In a lot of ways, I find it stimulating in that I'm forced to be more creative with words.

Still, I'm looking forward to getting my own comic back online. All I need now is a scanner, and a new webhost.

Good luck to you.

Post #95827link

not_Scyess
July 7, 2003 10:40 PM

Yeah, what everyone else said.

Also, I'll reiterate that your non-sequiturs really hurt your latest comics. Absurdity isn't funny unless it's in the context of the rest of the comic.

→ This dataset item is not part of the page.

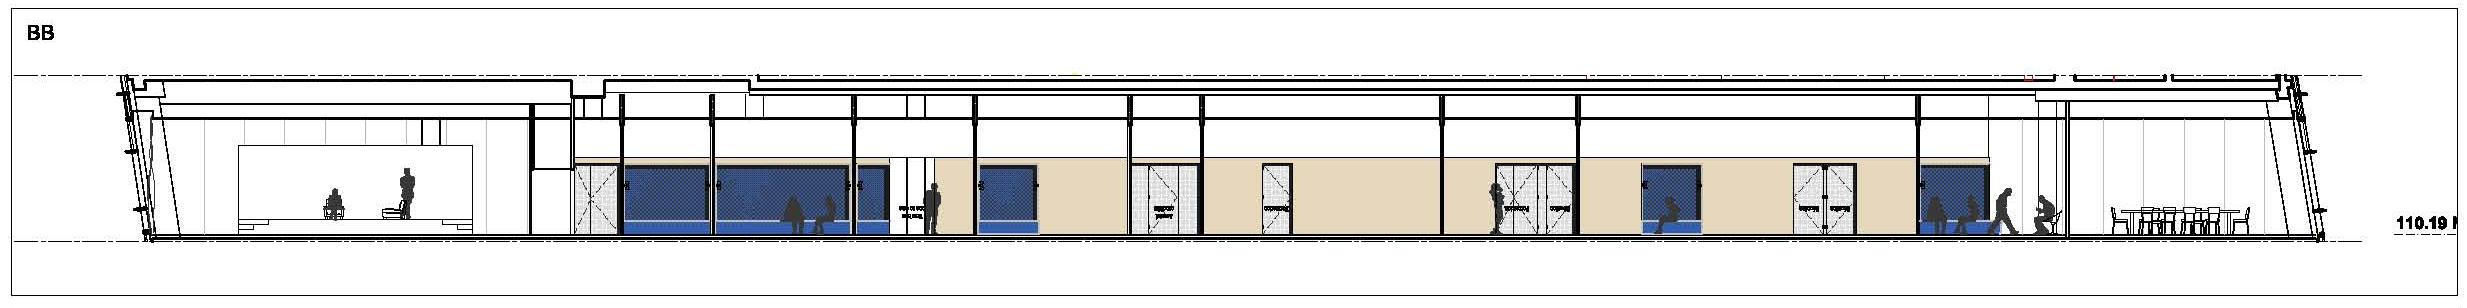 Pieces graphiques et plans_Page_04 ok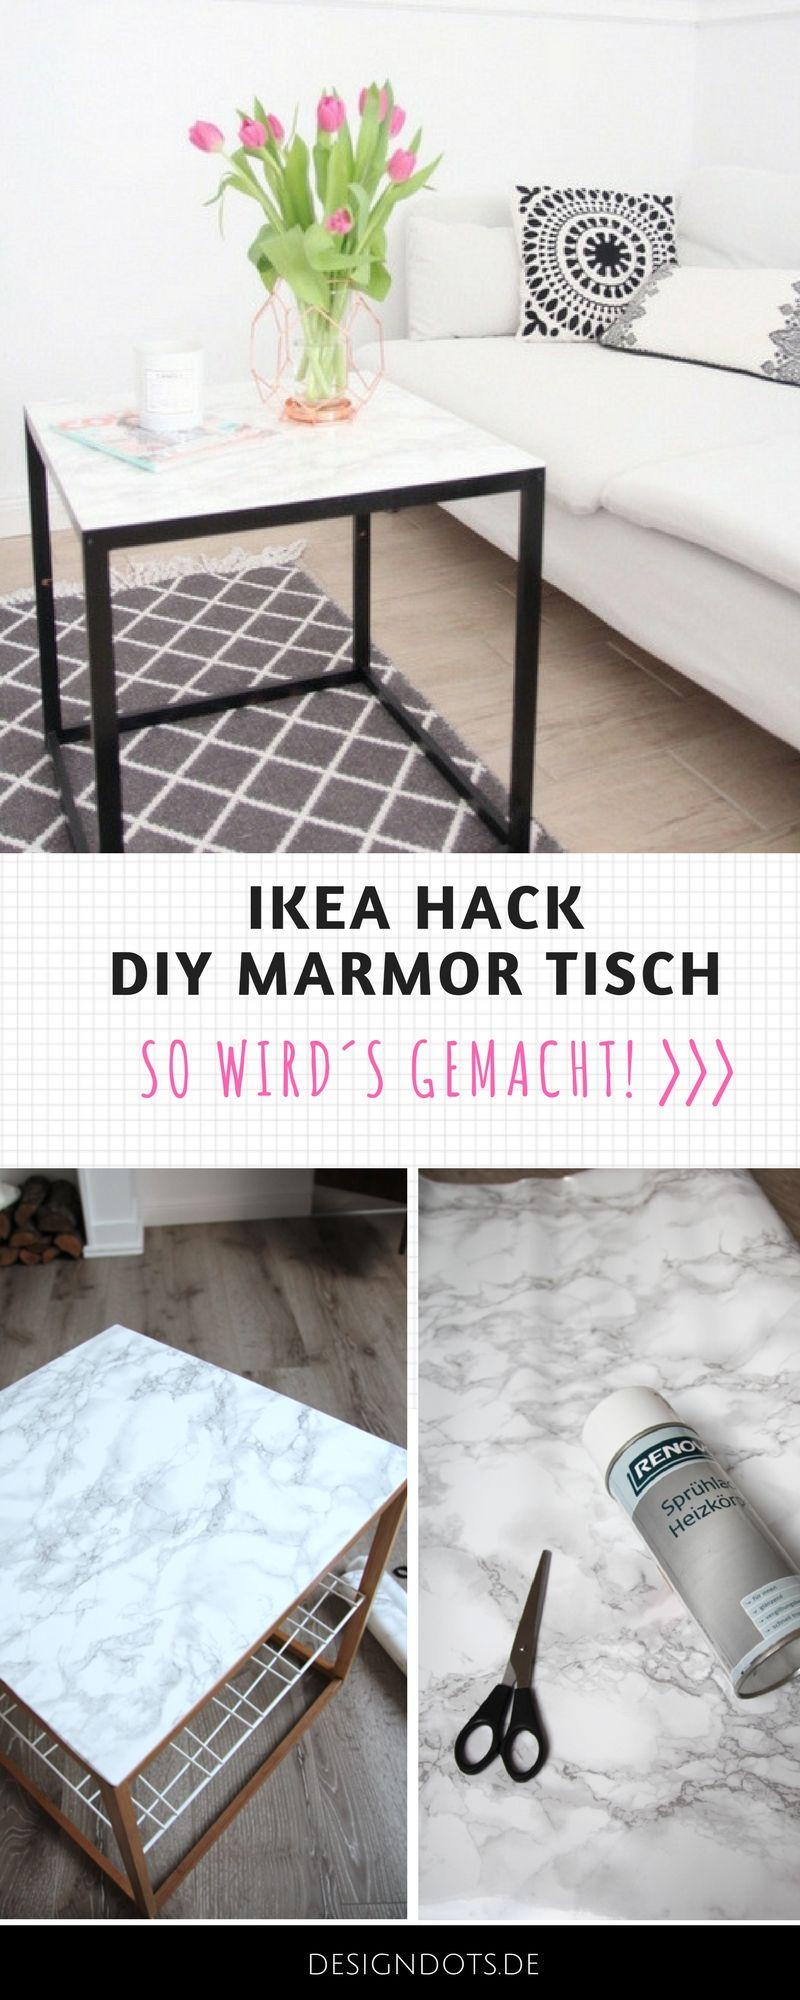 Ikea Hack Wohnzimmer, Ikea Hack Kinderzimmer, Ikea Hack Schlafzimmer, Ikea  Hacks, Ikea Hack Küche, Diy Ikea Hack, Ikea Hack Ideen, Ikea Hack  Inspirationen, ...

Also, there are other ways to extend your comics besides blacking the last panel (which I don't really like, myself). Remember that both characters don't have to talk each time. For example:

157397

I made this one as an example JUST for you. Don't you feel special.

Post #95833link

TheMadcapLaughs
July 9, 2003 12:10 PM

Hi, well I've toned down my non-sequiturs. I'm trying to keep my left-field approach within the context of the strip. Hopefully that will help. Try these:

157778
157784
157788

Again, I welcome any comments. Thanks.

Post #96065link

not_Scyess
July 9, 2003 1:19 PM

That middle one seems to lack a punchline. It just doens't feel "over" at the end of the comic. The third one is pretty funny, though, and the first one is excellent. Nice work.

Post #96077link

Inflatable_Man
July 9, 2003 1:26 PM

Nice strips. You're already improving. Keep it up!

Post #96082link

choadwarrior
July 9, 2003 8:19 PM

Yes, getting better. Ship of Fools, pt 1 was the best of the lot.